What the task requires
Word for word, return each entry that follows, with every image removed.

Extracted data entries:

►

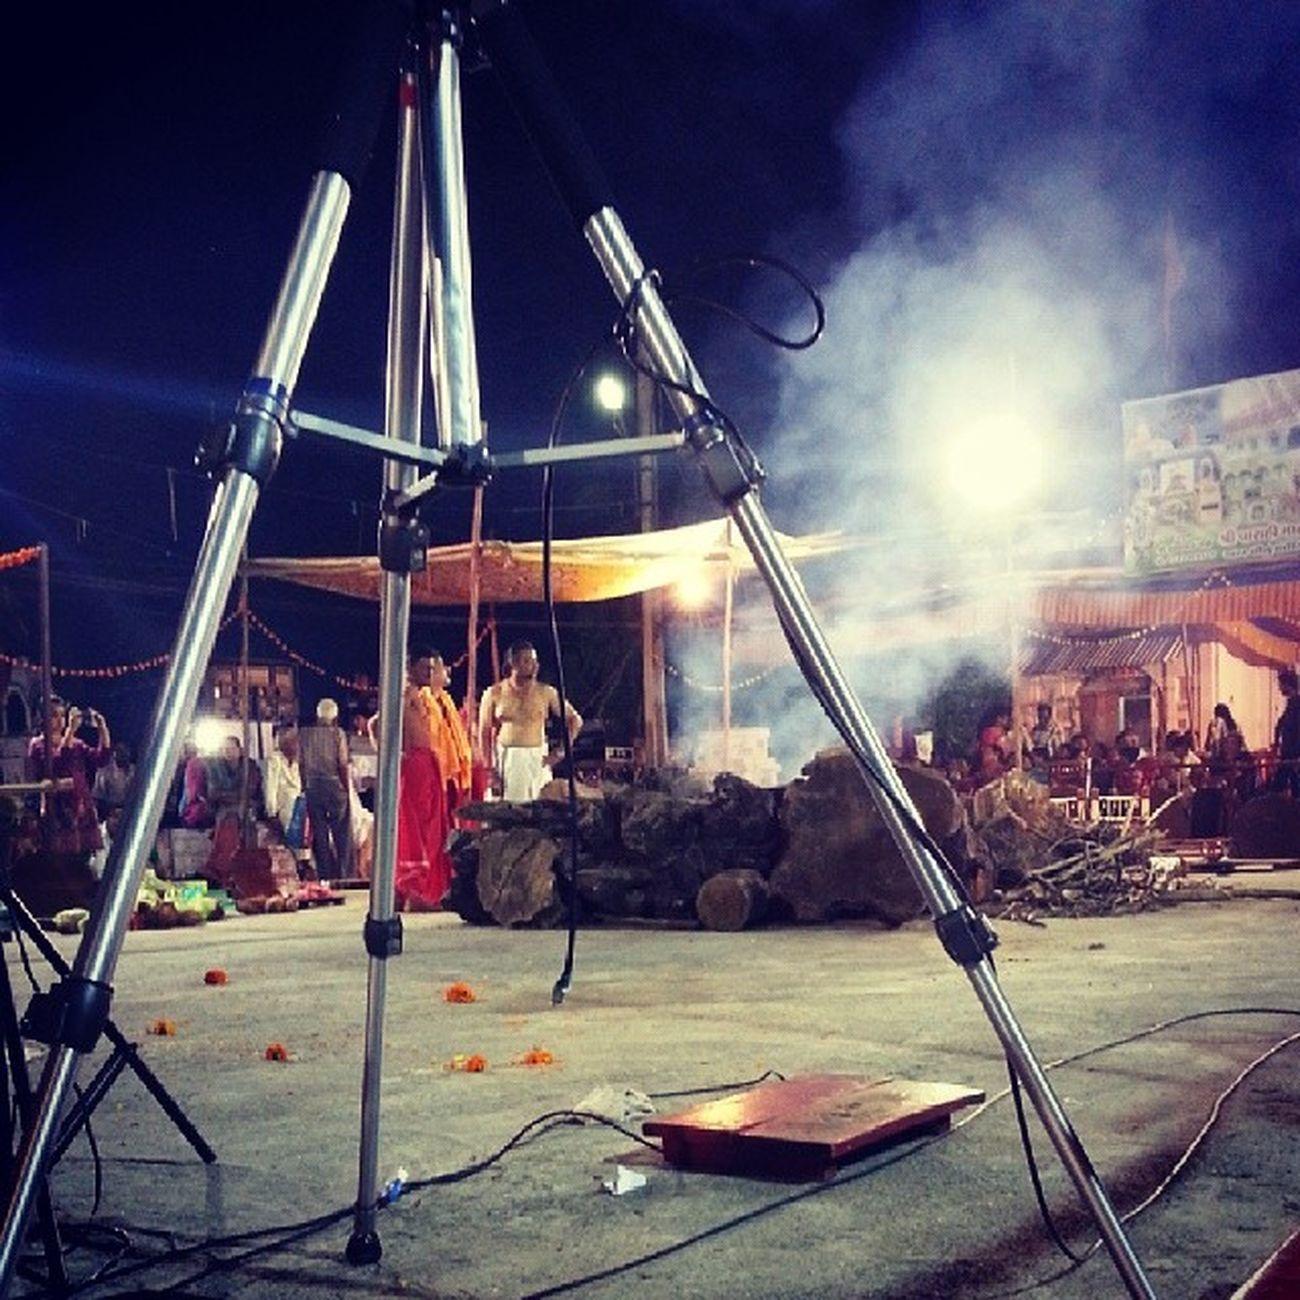 Havan Umreth Gujarat India
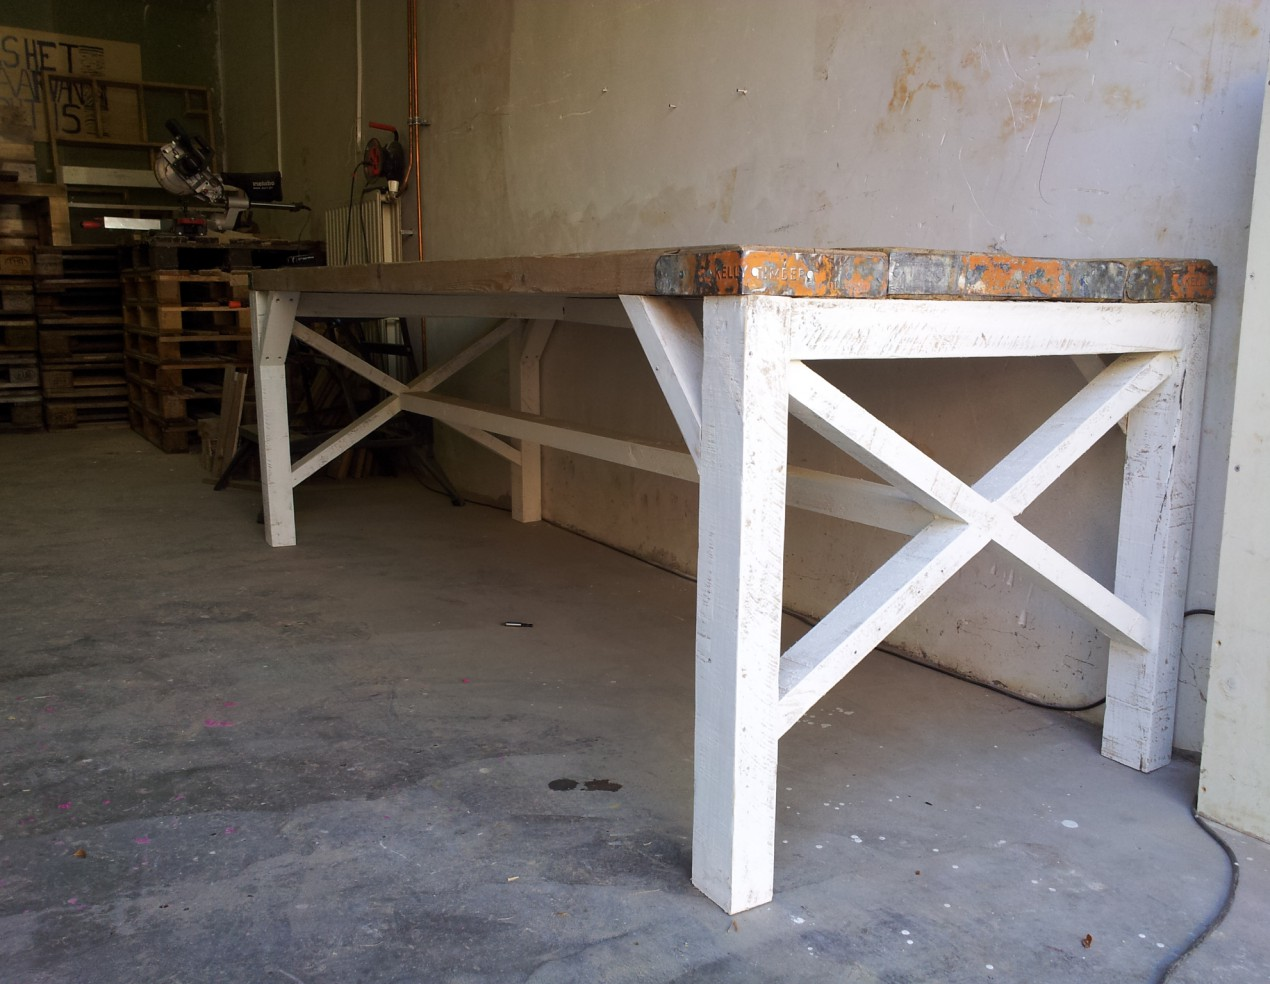 Grote Houten Tafels : Grote houten tafel steigerhouten tafel metalen onderstel x
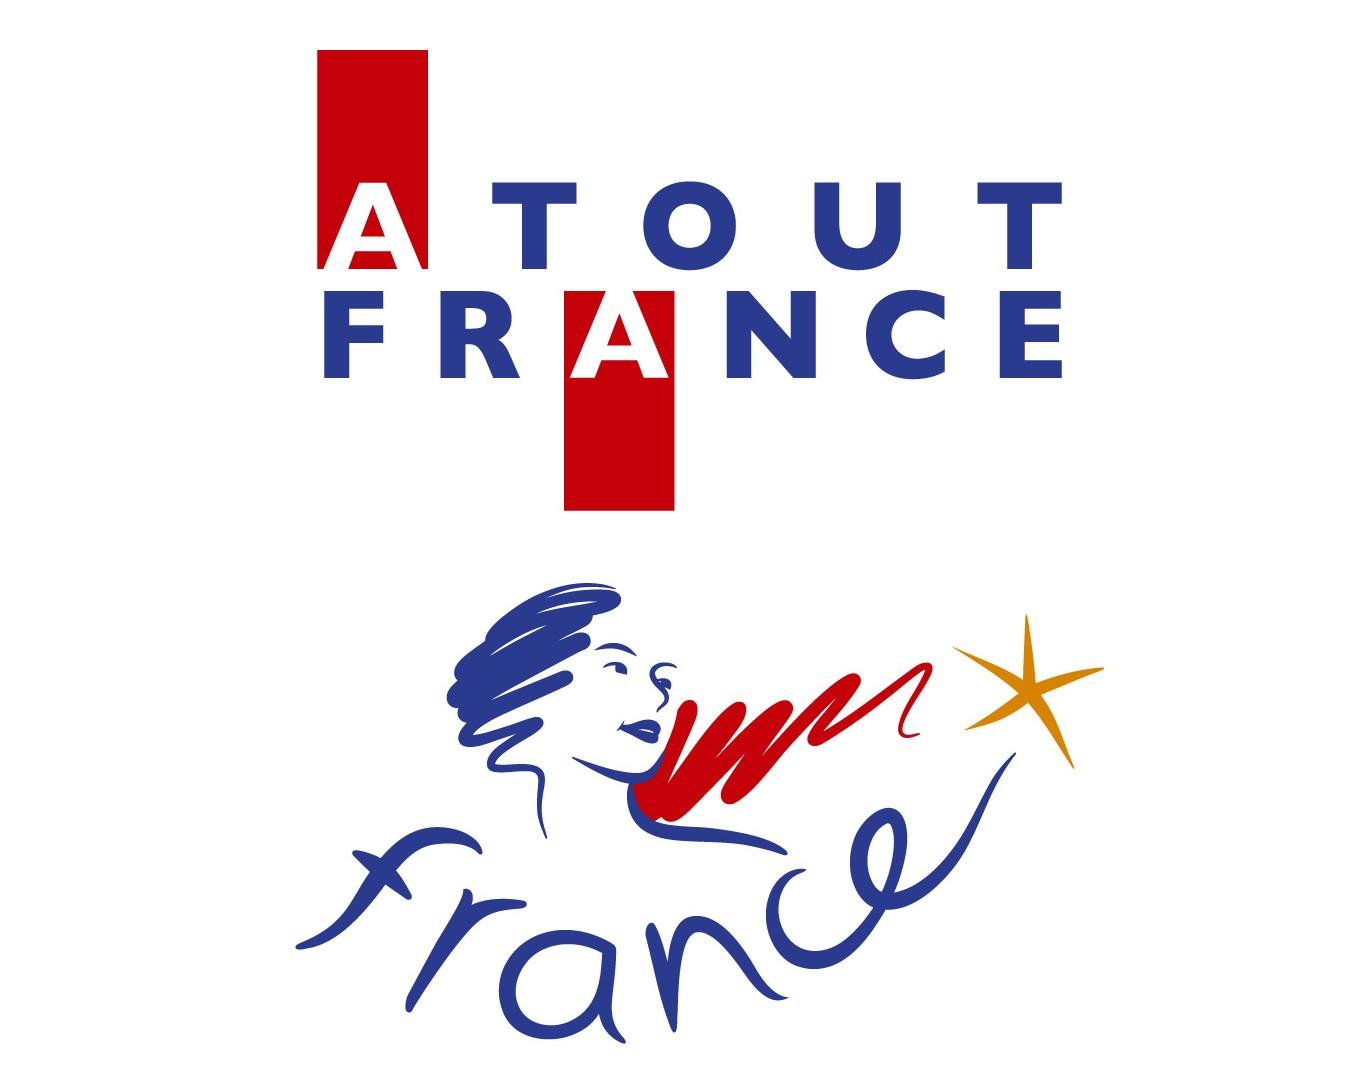 ATOUT-FRANCE-TURISTAS-MILLENNIALS-ESTUDIO-1
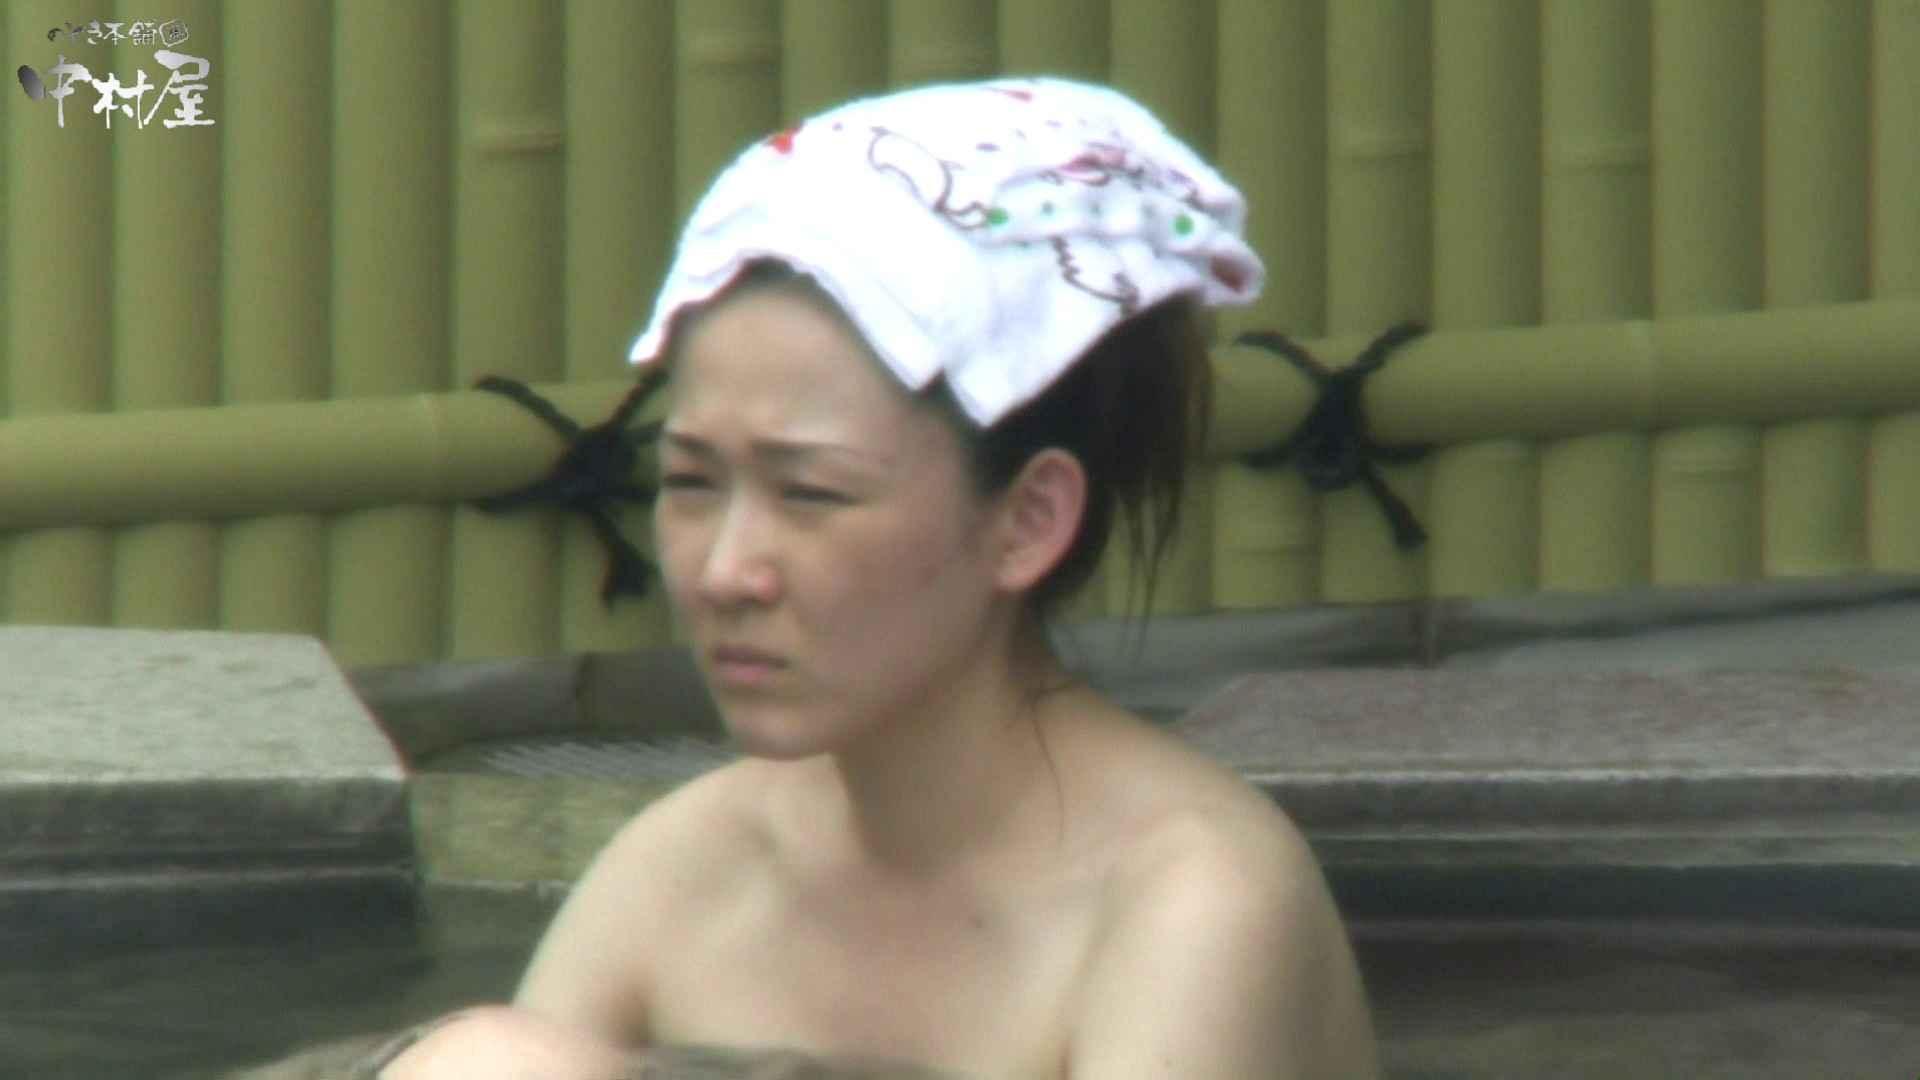 Aquaな露天風呂Vol.943 盗撮 セックス無修正動画無料 108画像 32
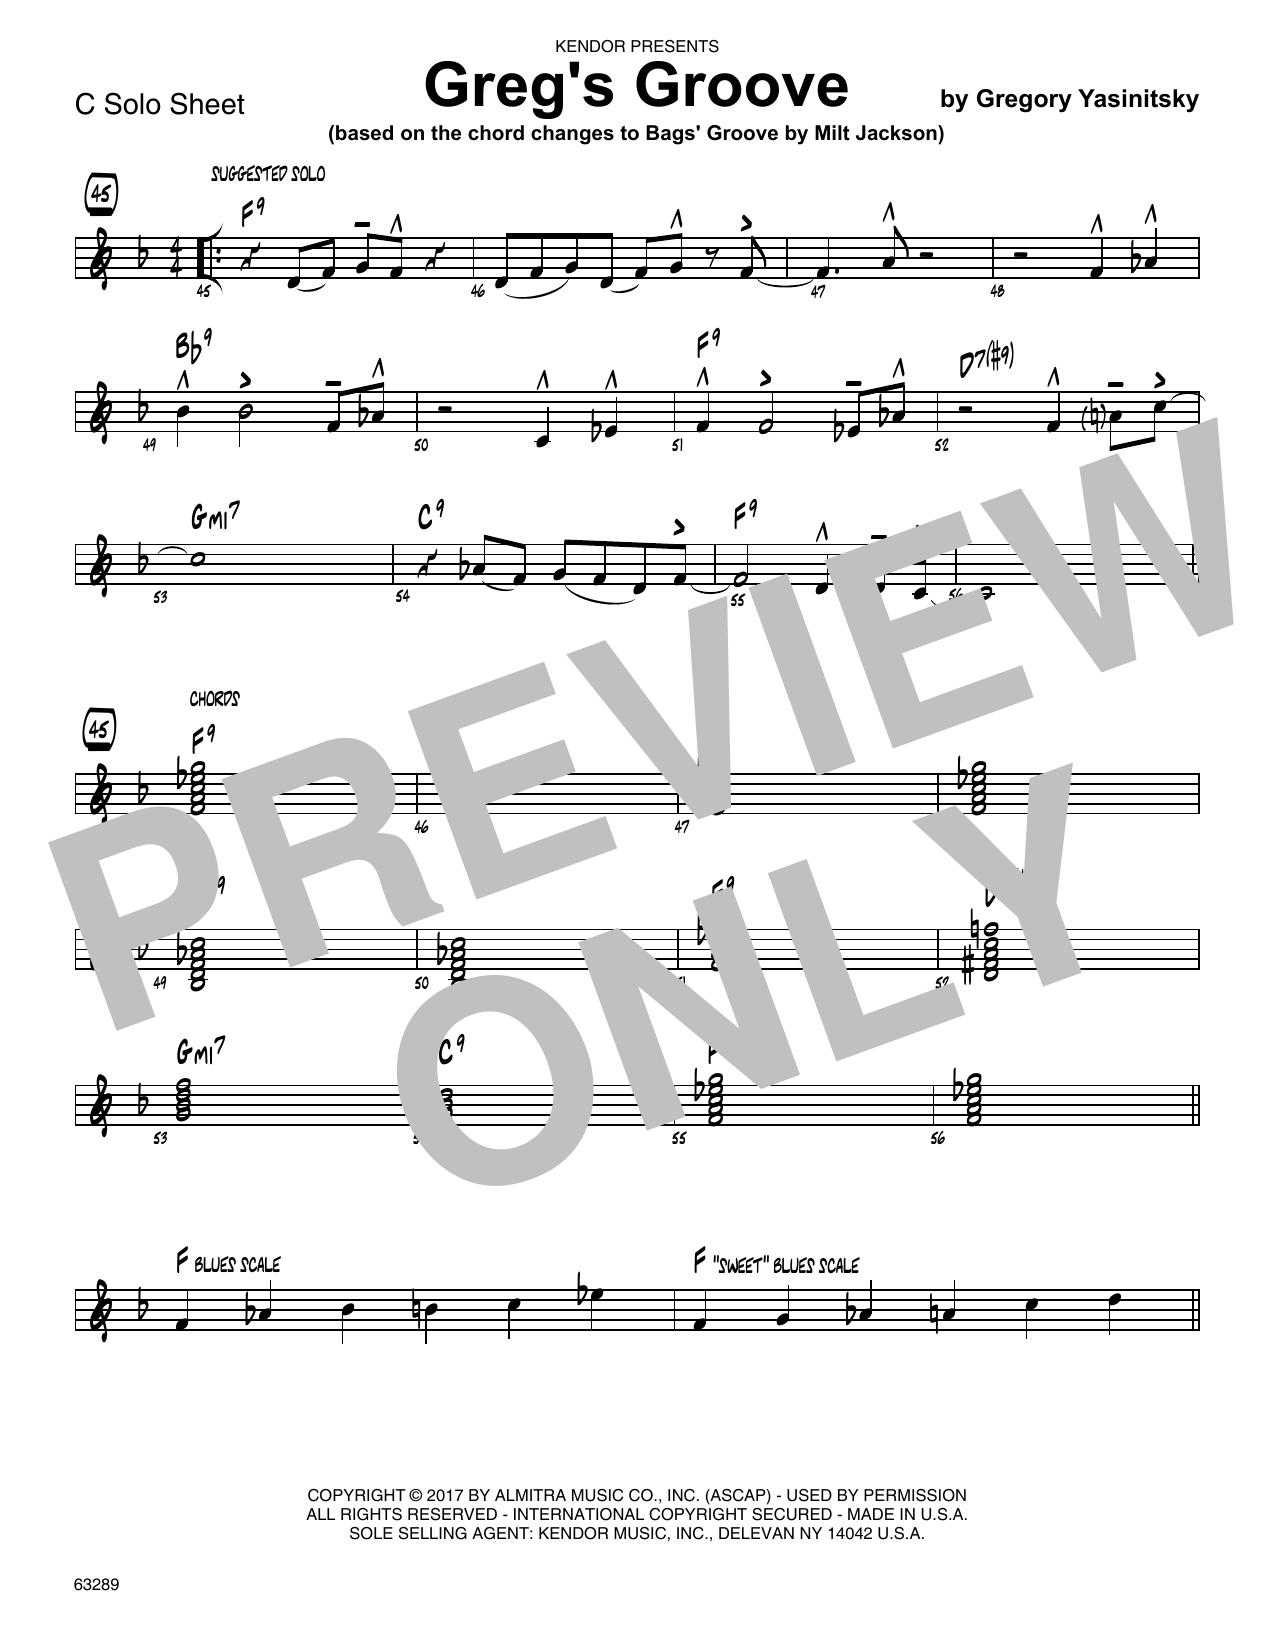 Greg's Groove - Solo Sheet - Trumpet Sheet Music

◄

Worked solution
 Havan Umreth Gujarat India
 Grote Houten Tafels : Grote houten tafel steigerhouten tafel metalen onderstel x
 ATOUT-FRANCE-TURISTAS-MILLENNIALS-ESTUDIO-1
 Aquaな露天風呂Vol.943 盗撮 セックス無修正動画無料 108画像 32
 Greg's Groove - Solo Sheet - Trumpet Sheet Music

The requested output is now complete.